Close Encounter: Nearly 300-Meter Asteroid Passes Earth
A potentially hazardous asteroid, designated 2025 FA22, made a close approach to Earth this Thursday, according to reports from the Solar astronomy Laboratory of the Academy of Sciences of Russia. The asteroid, estimated to be between 130 and 290 meters in diameter, passed within approximately 800,000 kilometers of Earth and the Moon at 10:41 Moscow time (04:41 Chilean time).
This flyby is considered one of the closest approaches by an asteroid of this size in recorded history. Russian scientists noted it was one of the largest such events to occur within a distance of less than one million kilometers. For context, the asteroid responsible for the Barringer Crater in Arizona, formed roughly 50,000 years ago, was estimated to be between 10 and 100 times smaller.

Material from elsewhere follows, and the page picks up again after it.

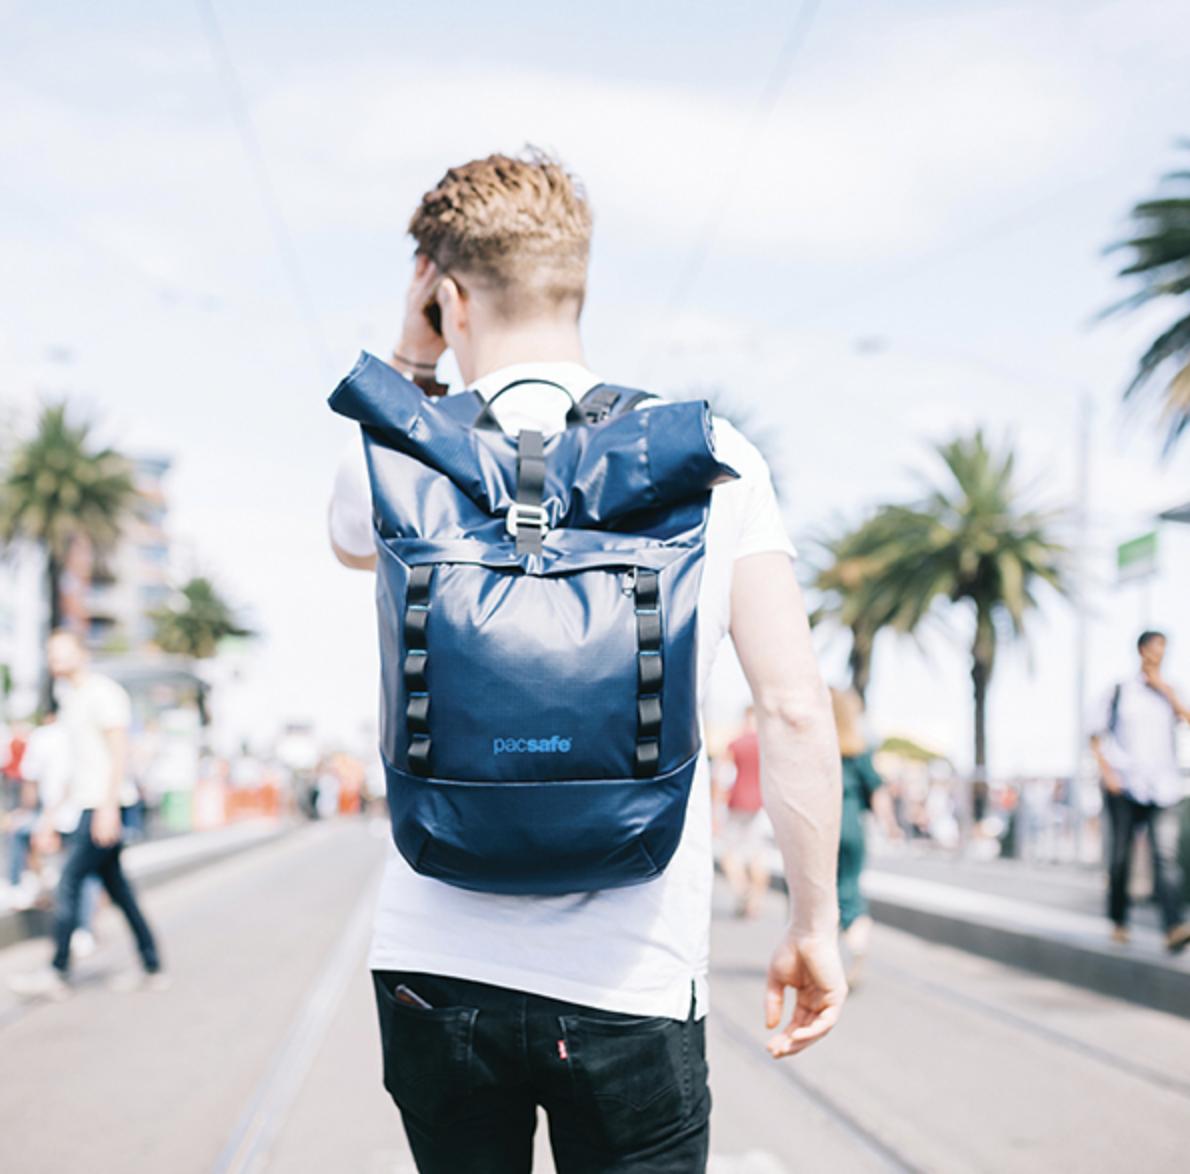 f:id:thebackpack:20190818095247p:plain

The asteroid is categorized as a potentially hazardous object due to its size and orbit.Astronomers have calculated that 2025 FA22 is ”in a certain sense synchronized with the Earth,” periodically coming close to the planet. it was last observed on September 17, 1940, and is predicted to return on September 2173.
While the current trajectory indicates a “tiny” probability of impact, scientists acknowledge that the asteroid’s orbit presents a relatively high potential for future Earth impacts. The next close approach is predicted for August 20, 2036, at a distance 25 times greater than this recent pass. More significant close approaches are anticipated in 2089 and particularly in 2173.
Despite its size, the laboratory stated the current probability of impact is “null.” The event was observable with the aid of a 300 millimeter telescope for experienced amateur and professional astronomers. The asteroid is approximately 1,000 times larger than the meteorite that fell in Chelyabinsk, Russia, in 2013.